Для мамы это началось на первом курсе колледжа – именно тогда появились первые, незаметно подкрадывающиеся признаки: лампы вдруг становились невероятно яркими, из темноты доносились голоса людей, словно усиленные динамиками.

Я читала, что шизофрения обычно проявляет себя, когда человеку от пятнадцати до двадцати пяти лет, инициированная травмой или неожиданным событием (обратите внимание).

«Это начинается, – звучит в ушах тихий вкрадчивый голос. – Именно теперь это и начинается».

Мобильник жужжит в кармане моих любимых обрезанных шортов, истертых на заду и заляпанных краской. Может, это Райна. Звонит, чтобы упросить меня прийти на яхту ее дяди и посмотреть фейерверк. Мы со Штерном приходили каждый год.

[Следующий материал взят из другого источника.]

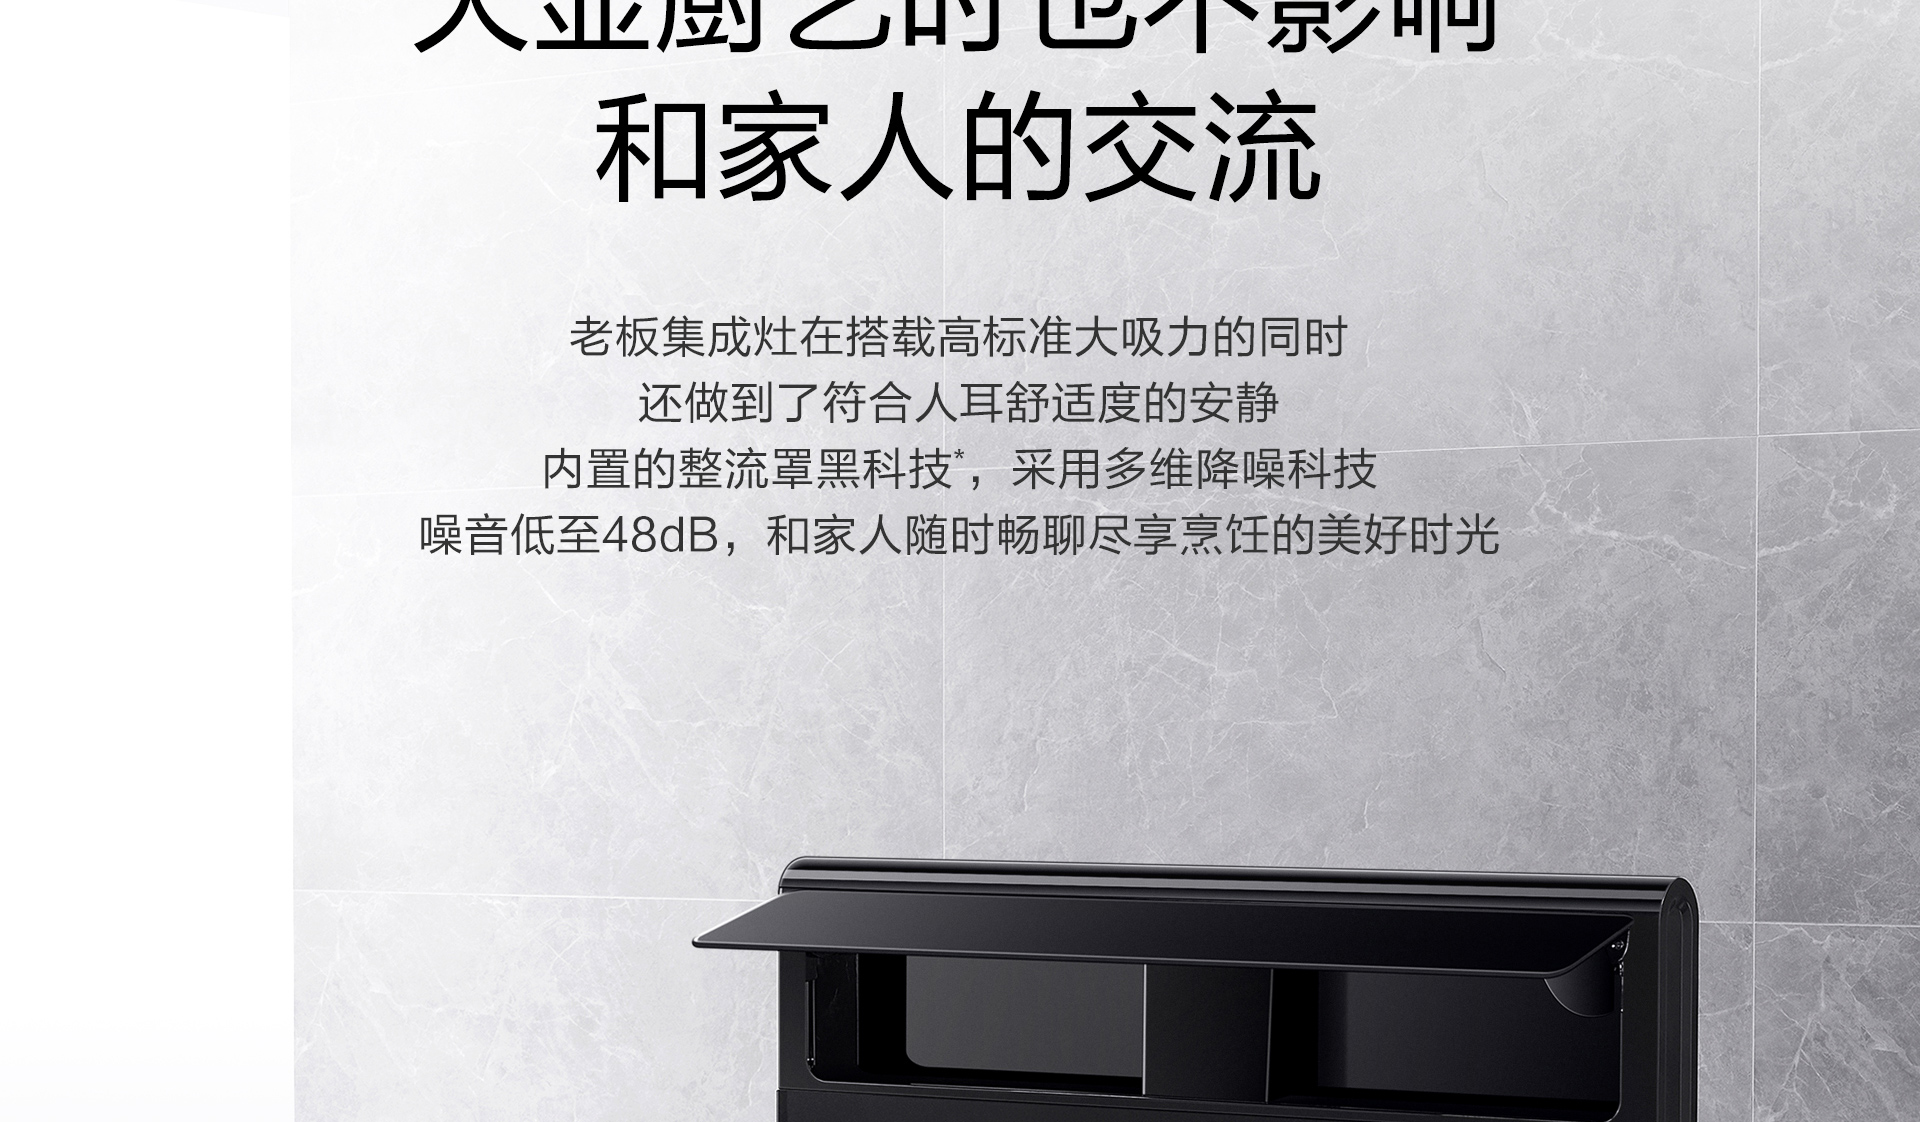 皇冠球网(中国)有限公司产品上新需求单-光焱洗消一体机S1-Plus_02.jpg

В этом году меня заставили пойти на ужасную корпоративную отцовскую вечеринку, и Райна уже предложила мое – и Штерна – место на яхте Тиф и Хилари из команды по плаванию. Я иногда думаю, а не хвалится ли она? Мы все любим вести тайный счет нашим друзьям: Оливия – минус один, Райна – плюс два. Но может – каким-то чудом – она хочет наплевать на все и встретиться со мной на автомобильной стоянке, чтобы потом мы крепко напились, а после этого, шатаясь и поддерживая друг друга, завалились в тот бальный зал. Я проверяю мобильник на следующем светофоре. Но сообщение от папы: «Не забудь о сегодняшней вечеринке».

Сердце падает как камень. «Сегодняшней вечеринке». Чертово сообщение! Папа, очевидно, думает, что меня радует перспектива провести вечер Четвертого июля в компании богатых риелторов и их грудастых (сплошной силикон) жен. Разумеется, он не так много знает о том, что меня теперь радует. В последнее время я вижу его нечасто. Свое время он делит между будущей женой, Хитер, и «Елисейскими полями», строящимся кондоминиумом для богатых. И в присутствии Хитер не говорит с техасским акцентом. Произносит слова иначе, куда более четко.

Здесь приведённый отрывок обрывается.